[Data listing Boundary: Start]

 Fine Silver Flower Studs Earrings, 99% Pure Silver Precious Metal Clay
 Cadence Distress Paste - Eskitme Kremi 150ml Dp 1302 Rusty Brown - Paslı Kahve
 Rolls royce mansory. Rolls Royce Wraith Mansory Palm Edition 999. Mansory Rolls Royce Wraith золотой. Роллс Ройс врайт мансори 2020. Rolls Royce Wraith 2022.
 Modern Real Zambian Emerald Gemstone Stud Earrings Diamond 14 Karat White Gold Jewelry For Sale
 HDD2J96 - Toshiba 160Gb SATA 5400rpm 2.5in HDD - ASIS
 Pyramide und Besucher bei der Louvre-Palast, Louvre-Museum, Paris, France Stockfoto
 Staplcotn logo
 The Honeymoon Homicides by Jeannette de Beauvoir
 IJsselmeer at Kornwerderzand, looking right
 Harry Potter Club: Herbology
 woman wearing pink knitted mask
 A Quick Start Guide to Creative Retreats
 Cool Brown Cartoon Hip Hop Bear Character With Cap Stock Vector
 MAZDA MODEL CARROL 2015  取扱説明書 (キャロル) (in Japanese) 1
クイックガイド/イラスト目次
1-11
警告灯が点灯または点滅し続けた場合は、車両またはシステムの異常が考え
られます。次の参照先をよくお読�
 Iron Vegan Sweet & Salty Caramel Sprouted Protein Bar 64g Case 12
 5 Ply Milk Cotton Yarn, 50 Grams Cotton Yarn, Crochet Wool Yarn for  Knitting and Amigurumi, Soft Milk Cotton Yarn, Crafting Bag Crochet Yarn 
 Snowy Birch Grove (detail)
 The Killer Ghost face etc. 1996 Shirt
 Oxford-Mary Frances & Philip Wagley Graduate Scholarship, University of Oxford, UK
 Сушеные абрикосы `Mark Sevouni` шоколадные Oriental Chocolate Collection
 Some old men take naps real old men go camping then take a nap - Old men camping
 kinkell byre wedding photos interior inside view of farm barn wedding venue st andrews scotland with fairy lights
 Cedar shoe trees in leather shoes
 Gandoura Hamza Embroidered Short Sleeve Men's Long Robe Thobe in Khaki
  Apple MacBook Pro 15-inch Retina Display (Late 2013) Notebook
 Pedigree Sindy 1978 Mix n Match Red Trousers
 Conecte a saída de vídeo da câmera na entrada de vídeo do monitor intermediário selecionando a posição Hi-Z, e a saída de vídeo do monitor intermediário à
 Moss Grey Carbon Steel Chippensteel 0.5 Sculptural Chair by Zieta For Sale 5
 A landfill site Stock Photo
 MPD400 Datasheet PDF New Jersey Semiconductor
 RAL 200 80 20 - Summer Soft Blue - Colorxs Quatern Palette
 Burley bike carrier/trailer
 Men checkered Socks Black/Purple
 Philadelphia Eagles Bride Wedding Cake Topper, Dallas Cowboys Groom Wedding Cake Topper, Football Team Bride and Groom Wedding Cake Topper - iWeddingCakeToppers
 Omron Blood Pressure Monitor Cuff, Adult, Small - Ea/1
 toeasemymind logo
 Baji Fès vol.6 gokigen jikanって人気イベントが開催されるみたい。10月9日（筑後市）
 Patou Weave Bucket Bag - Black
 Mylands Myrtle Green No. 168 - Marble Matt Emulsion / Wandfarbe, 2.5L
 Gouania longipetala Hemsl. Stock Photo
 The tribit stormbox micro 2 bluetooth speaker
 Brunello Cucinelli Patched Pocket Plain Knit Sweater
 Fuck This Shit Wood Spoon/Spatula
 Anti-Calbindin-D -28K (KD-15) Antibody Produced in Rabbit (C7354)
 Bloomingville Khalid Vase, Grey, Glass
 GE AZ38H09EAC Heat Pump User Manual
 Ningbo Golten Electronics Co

[Data listing Boundary: End]

# Task directions
Please copy out the records exactly as they appear.

# Solution for this task
 Fine Silver Flower Studs Earrings, 99% Pure Silver Precious Metal Clay
 Cadence Distress Paste - Eskitme Kremi 150ml Dp 1302 Rusty Brown - Paslı Kahve
 Rolls royce mansory. Rolls Royce Wraith Mansory Palm Edition 999. Mansory Rolls Royce Wraith золотой. Роллс Ройс врайт мансори 2020. Rolls Royce Wraith 2022.
 Modern Real Zambian Emerald Gemstone Stud Earrings Diamond 14 Karat White Gold Jewelry For Sale
 HDD2J96 - Toshiba 160Gb SATA 5400rpm 2.5in HDD - ASIS
 Pyramide und Besucher bei der Louvre-Palast, Louvre-Museum, Paris, France Stockfoto
 Staplcotn logo
 The Honeymoon Homicides by Jeannette de Beauvoir
 IJsselmeer at Kornwerderzand, looking right
 Harry Potter Club: Herbology
 woman wearing pink knitted mask
 A Quick Start Guide to Creative Retreats
 Cool Brown Cartoon Hip Hop Bear Character With Cap Stock Vector
 MAZDA MODEL CARROL 2015  取扱説明書 (キャロル) (in Japanese) 1
クイックガイド/イラスト目次
1-11
警告灯が点灯または点滅し続けた場合は、車両またはシステムの異常が考え
られます。次の参照先をよくお読�
 Iron Vegan Sweet & Salty Caramel Sprouted Protein Bar 64g Case 12
 5 Ply Milk Cotton Yarn, 50 Grams Cotton Yarn, Crochet Wool Yarn for  Knitting and Amigurumi, Soft Milk Cotton Yarn, Crafting Bag Crochet Yarn 
 Snowy Birch Grove (detail)
 The Killer Ghost face etc. 1996 Shirt
 Oxford-Mary Frances & Philip Wagley Graduate Scholarship, University of Oxford, UK
 Сушеные абрикосы `Mark Sevouni` шоколадные Oriental Chocolate Collection
 Some old men take naps real old men go camping then take a nap - Old men camping
 kinkell byre wedding photos interior inside view of farm barn wedding venue st andrews scotland with fairy lights
 Cedar shoe trees in leather shoes
 Gandoura Hamza Embroidered Short Sleeve Men's Long Robe Thobe in Khaki
  Apple MacBook Pro 15-inch Retina Display (Late 2013) Notebook
 Pedigree Sindy 1978 Mix n Match Red Trousers
 Conecte a saída de vídeo da câmera na entrada de vídeo do monitor intermediário selecionando a posição Hi-Z, e a saída de vídeo do monitor intermediário à
 Moss Grey Carbon Steel Chippensteel 0.5 Sculptural Chair by Zieta For Sale 5
 A landfill site Stock Photo
 MPD400 Datasheet PDF New Jersey Semiconductor
 RAL 200 80 20 - Summer Soft Blue - Colorxs Quatern Palette
 Burley bike carrier/trailer
 Men checkered Socks Black/Purple
 Philadelphia Eagles Bride Wedding Cake Topper, Dallas Cowboys Groom Wedding Cake Topper, Football Team Bride and Groom Wedding Cake Topper - iWeddingCakeToppers
 Omron Blood Pressure Monitor Cuff, Adult, Small - Ea/1
 toeasemymind logo
 Baji Fès vol.6 gokigen jikanって人気イベントが開催されるみたい。10月9日（筑後市）
 Patou Weave Bucket Bag - Black
 Mylands Myrtle Green No. 168 - Marble Matt Emulsion / Wandfarbe, 2.5L
 Gouania longipetala Hemsl. Stock Photo
 The tribit stormbox micro 2 bluetooth speaker
 Brunello Cucinelli Patched Pocket Plain Knit Sweater
 Fuck This Shit Wood Spoon/Spatula
 Anti-Calbindin-D -28K (KD-15) Antibody Produced in Rabbit (C7354)
 Bloomingville Khalid Vase, Grey, Glass
 GE AZ38H09EAC Heat Pump User Manual
 Ningbo Golten Electronics Co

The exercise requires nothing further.